SEVEN WEEKS IN THE GREAT YO-SEMITE.

Ir is as hard to leave San Francisco as to get there. To a traveller paying his first visit it has the interest of a new planet. It ignores the meteorological laws which govern the rest of the world. There is no snow there. There are no summer showers. The tailor recognizes no aphelion or perihelion in his custom: the thin woolen suit which his patron had made in April is comfortably worn until April again. The only change of stockings there is from wet to dry, or from soiled to clean. Save that in so-called winter frequent rainfalls alternate with spotless intervals of amber weather, and that soi-disant summer is one entire amber mass, its unbroken divine days concrete in it, there is no inequality on which to forbid the bans between May and December. In San Francisco there is no work for the scene-shifter of Nature the wealth of that great dramatist, the year, resulting in the same manner as the poverty of dabblers in private theatricals, - a single flat doing service for the entire play. Thus, save for the purpose of notes of hand, the almanac of San Francisco might replace its mutable months and seasons with one great kindly, constant, sumptuous All the Year Round.

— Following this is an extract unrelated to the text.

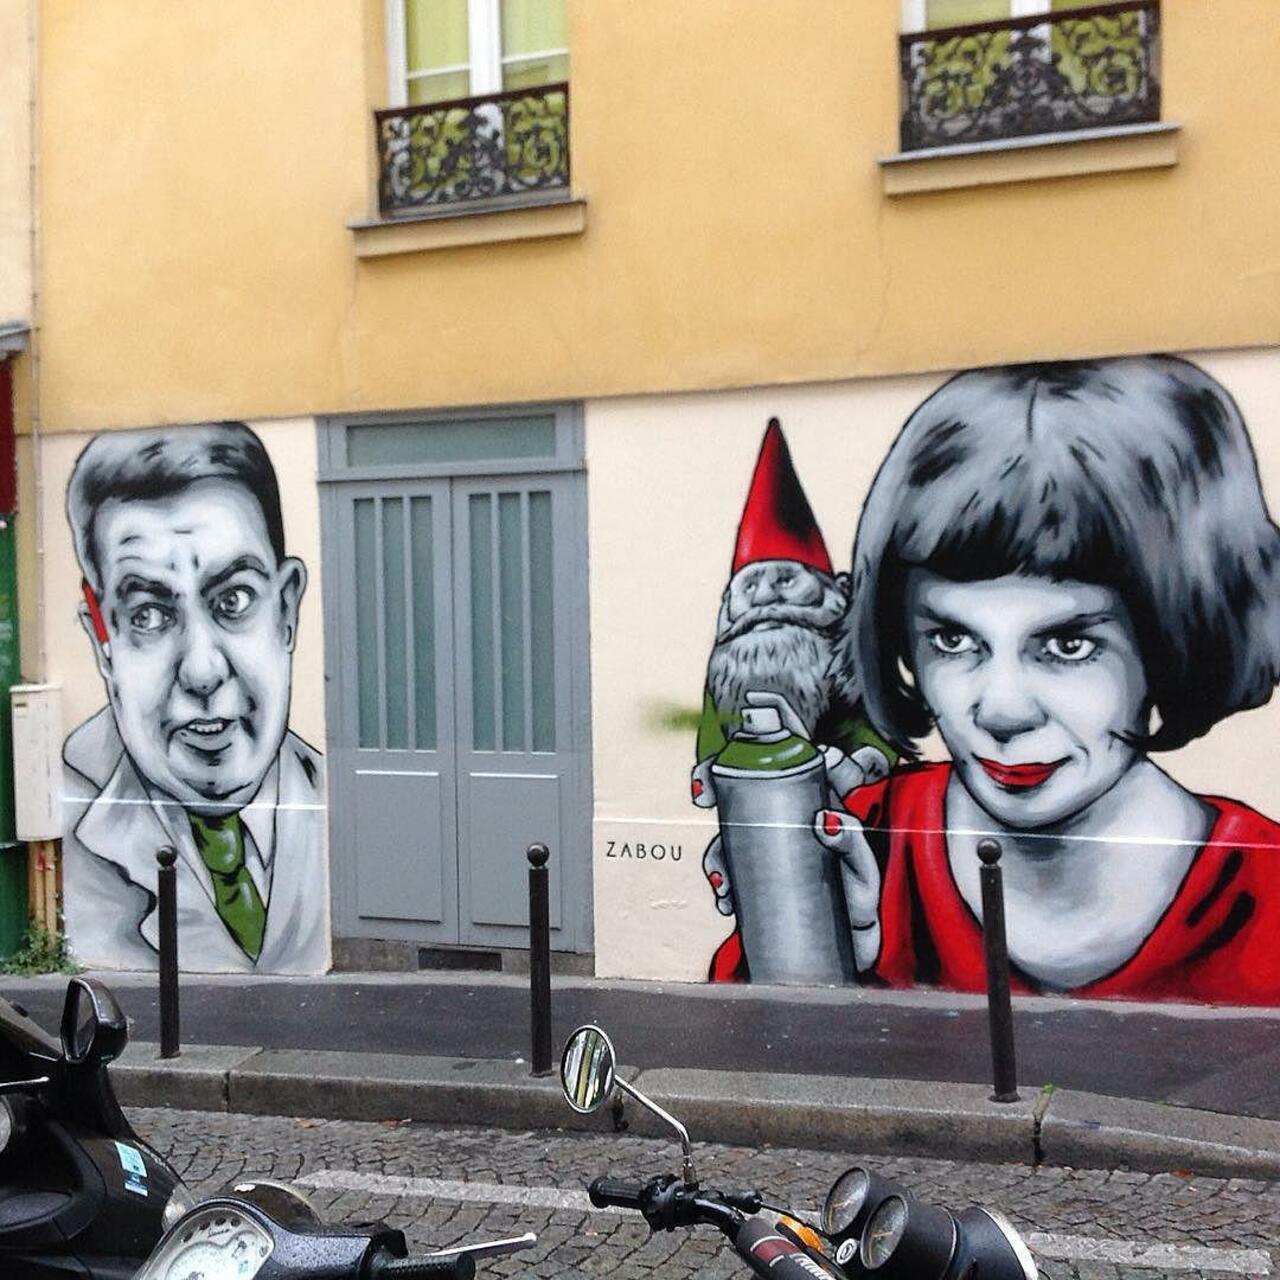 circumjacent_fr: #Paris #graffiti photo by stefetlinda http://ift.tt/1PyAf4j #StreetArt http://t.co/8bajvg5QYk

Out of this benignant sameness what glorious fruits are produced! Fruit enough metaphorical: for the scientific man or artist who cannot make hay while

such a sun shines from April to November must be a slothful laborer indeed. But fruit also literal: for what joy of vegetation is lacking to the man who every month in the year can look through his studywindow on a green lawn, and have strawberries and cream for his breakfast, who can sit down to this royal fruit, and at the same time to apricots, peaches, nectarines, blackberries, raspberries, melons, figs both yellow and purple, early apples, and grapes of three kinds?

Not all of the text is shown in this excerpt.